Pero el turno es primero para el director de Leningrado (1952), artista comunicativo, enérgico, de batuta muy sugerente, de una rara intensidad expresiva. Un director capaz de galvanizar a un conjunto sinfónico y de extraer de él, por derecho, interpretaciones que destacan más por su brío que por su delicadeza. Posee un fuerte temperamento y un entusiasmo irrefrenable, el mismo que lo impulsó a salir de la Unión Soviética para ganarse los garbanzos en Norteamérica. Su estilo sobrio, su autoridad y su magistral técnica de batuta han basado su trayectoria. Es un straussiano de pro, como ha podido demostrar, por ejemplo, con su Elektra del Real o su Alpina.
Se va a situar, este lunes (1), en el podio de la histórica Orquesta del Concertgebouw, un conjunto ante el que hay que descubrirse por su solera, su tan larga y rica trayectoria, su magnífica sonoridad, cuajada de claroscuros y envuelta en un espectro en el que no se sabe qué admirar más, si el terciopelo de la cuerda, la suavidad legendaria de las maderas o la redondez de los metales. Con él Bychkov abordará, en efecto, una partitura de Strauss, la procelosa Una vida de héroe, que puede resplandecer con mil luces en estas manos. La primera parte de la sesión la ocupa otra composición ‘grande': el Concierto n° 5, Emperador, de Beethoven, que tocará con sus pulcras manos y su probada y superior técnica el pianista Jean-Yves Thibaudet.

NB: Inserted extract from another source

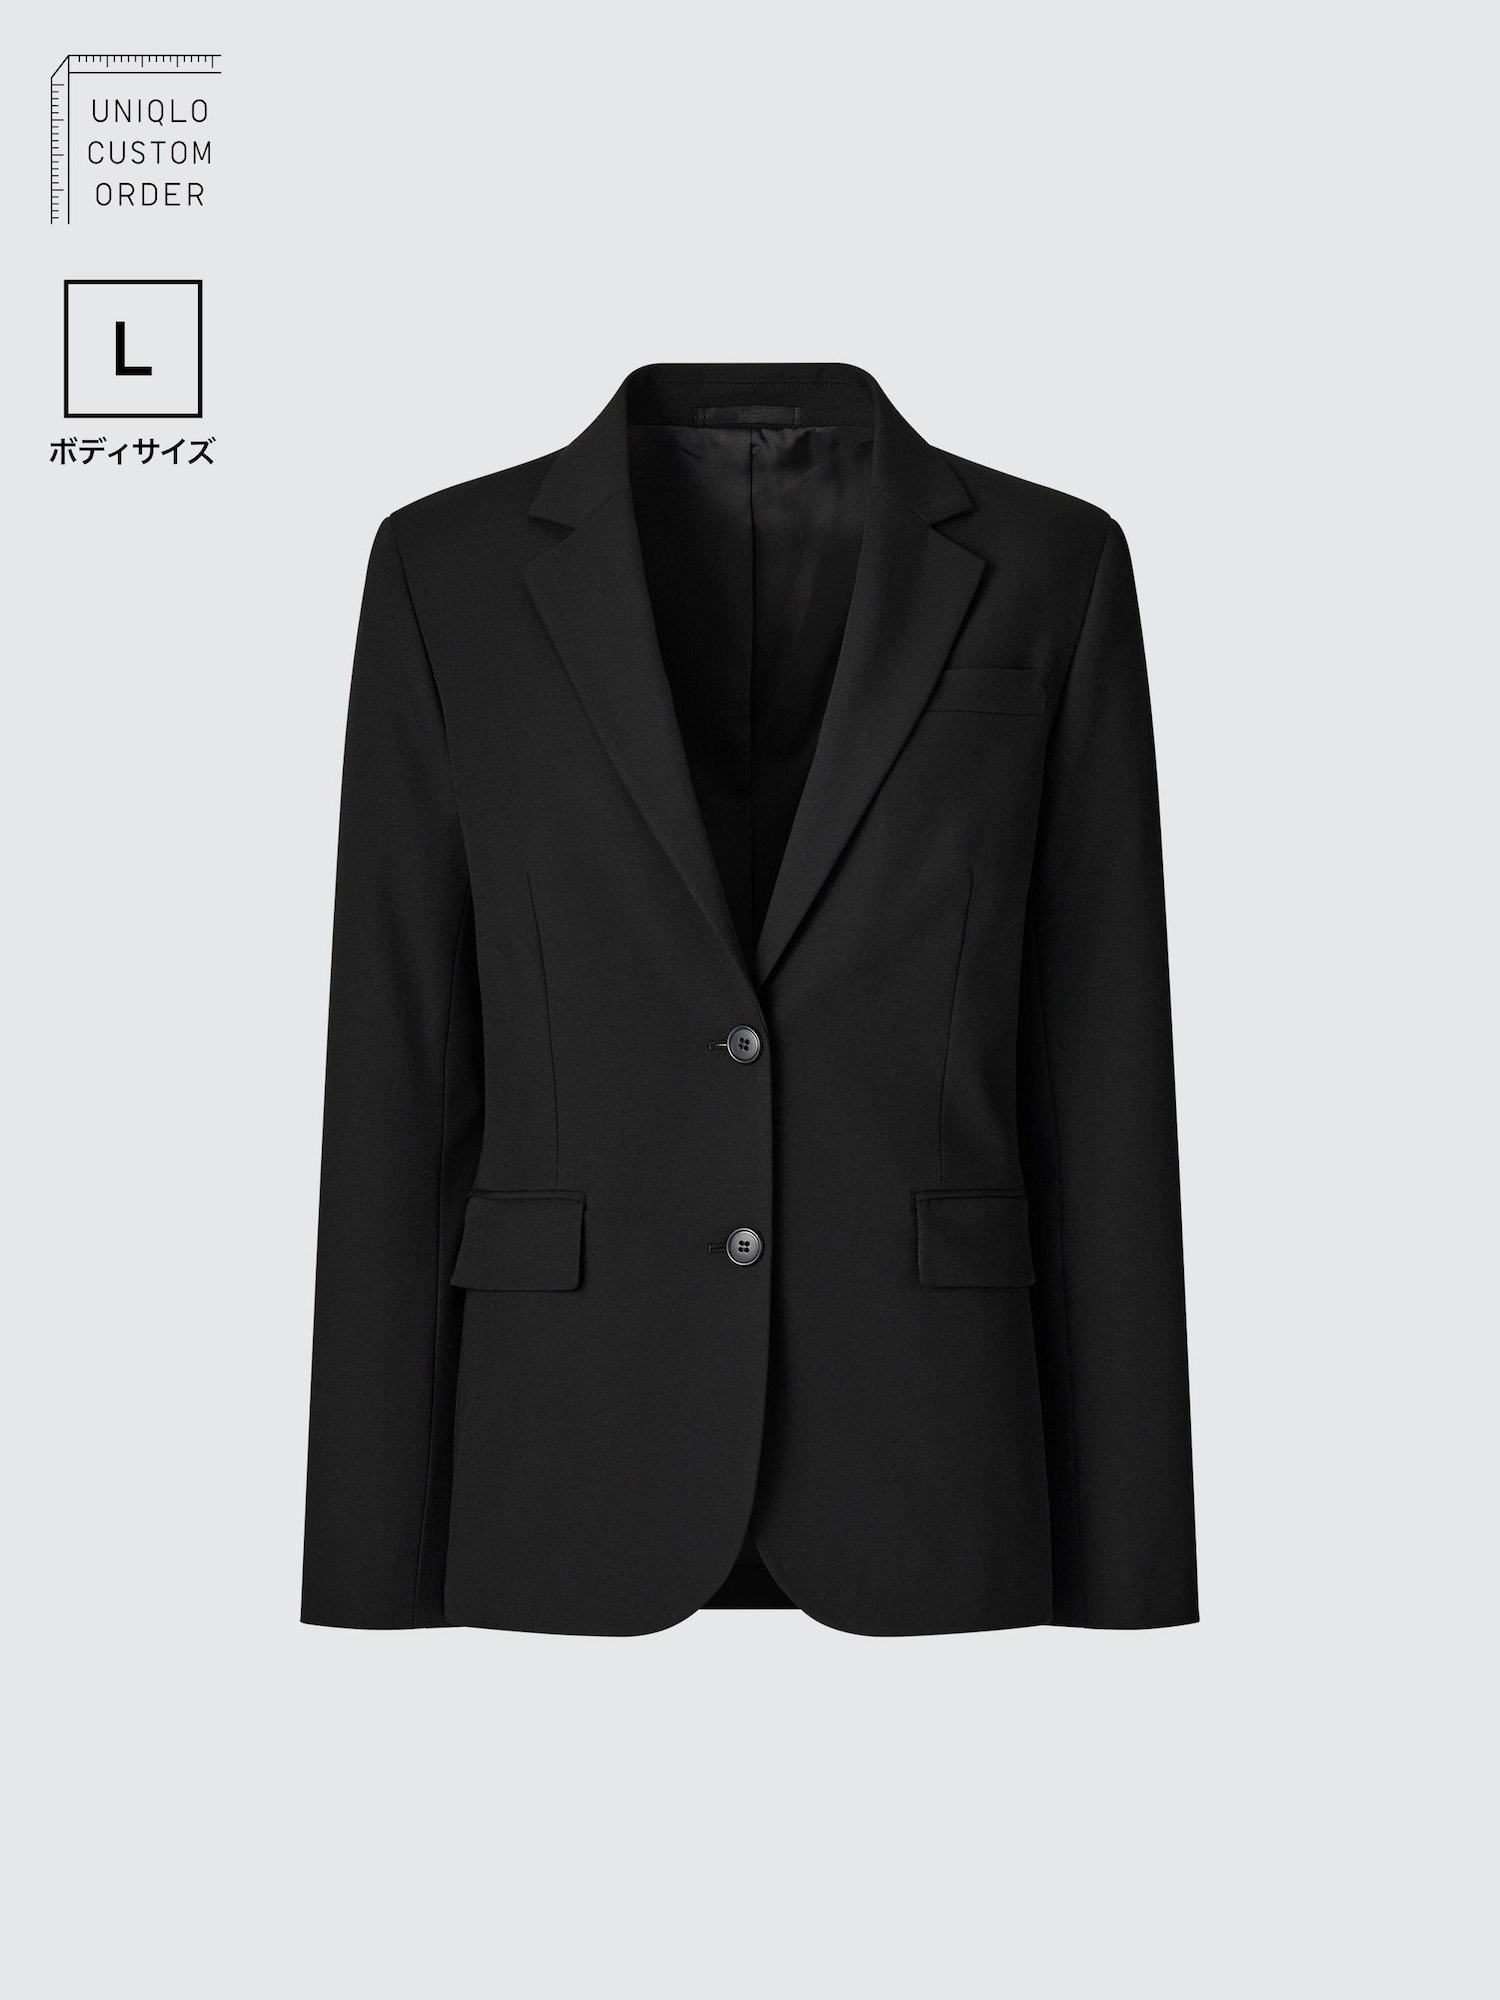 スーツ 黒 ビジネスの関連商品 | ユニクロ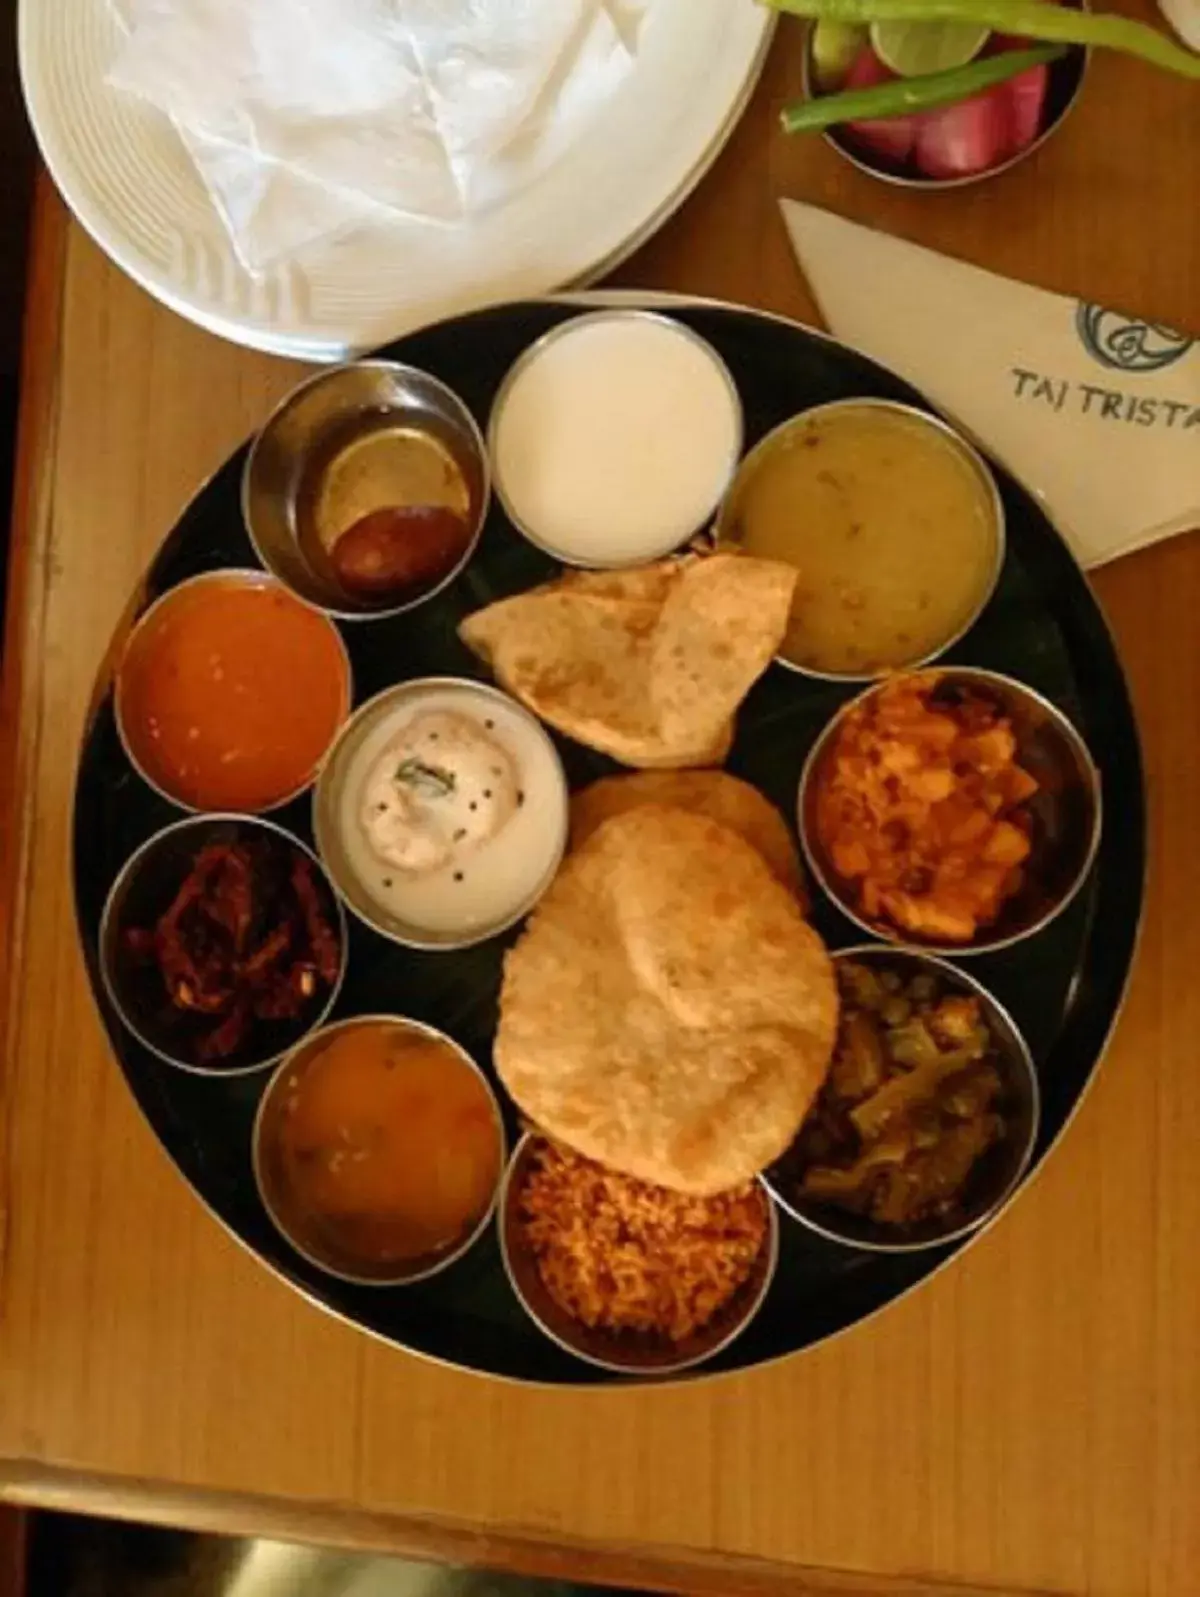 Breakfast in Taj Tristar

La Orquesta norteamericana, formación más moderna, de 1931 (la holandesa es de 1888), pero de historia ya muy acrisolada y de un empaste, una precisión y un brillo fenomenales, que en los últimos seis años se ha cuidado de acrecer Eschenbach, un músico de extraordinaria competencia y cultura, que desde que dejó definitivamente el teclado ha ido ampliando una técnica de batuta sobria, de especial rigor metronómico. Es director enteco, fibroso, bien plantado, de gesto muy a lo Karajan, pero sin el poder de sugerencia, sin la maleabilidad y la elegancia del maestro austriaco. No es el suyo un arte imaginativo, emotivo, apasionado. Pero sabe poner orden, regular, calibrar las intensidades, dar fluidez a cualquier discurso. Un hábil constructor, severo, que controla los planos y adopta en todo momento un criterio rítmico eficaz. Como demostró hace bien poco, ante la Orquesta Nacional, con La Consagración de la primavera de Stravinski.
Son dos las citas con él y la agrupación de Washignton. En la primera (jueves 4) sitúan en atriles Phaeton, una caudalosa partitura del norteamericano Christopher Rouse, la Inacabada de Schubert y la Primera de Brahms. En la segunda (5), acompañarán al dotado chelista Daniel Müller-Schott en el Concierto de Dvorák y, solos, servirán el romanticismo alemán de la obertura de Der Freischütz de Weber y nos traerán la soberana orquestación que Schönberg realizó de otra obra del hamburgués, el Cuarteto en sol menor, op. 25.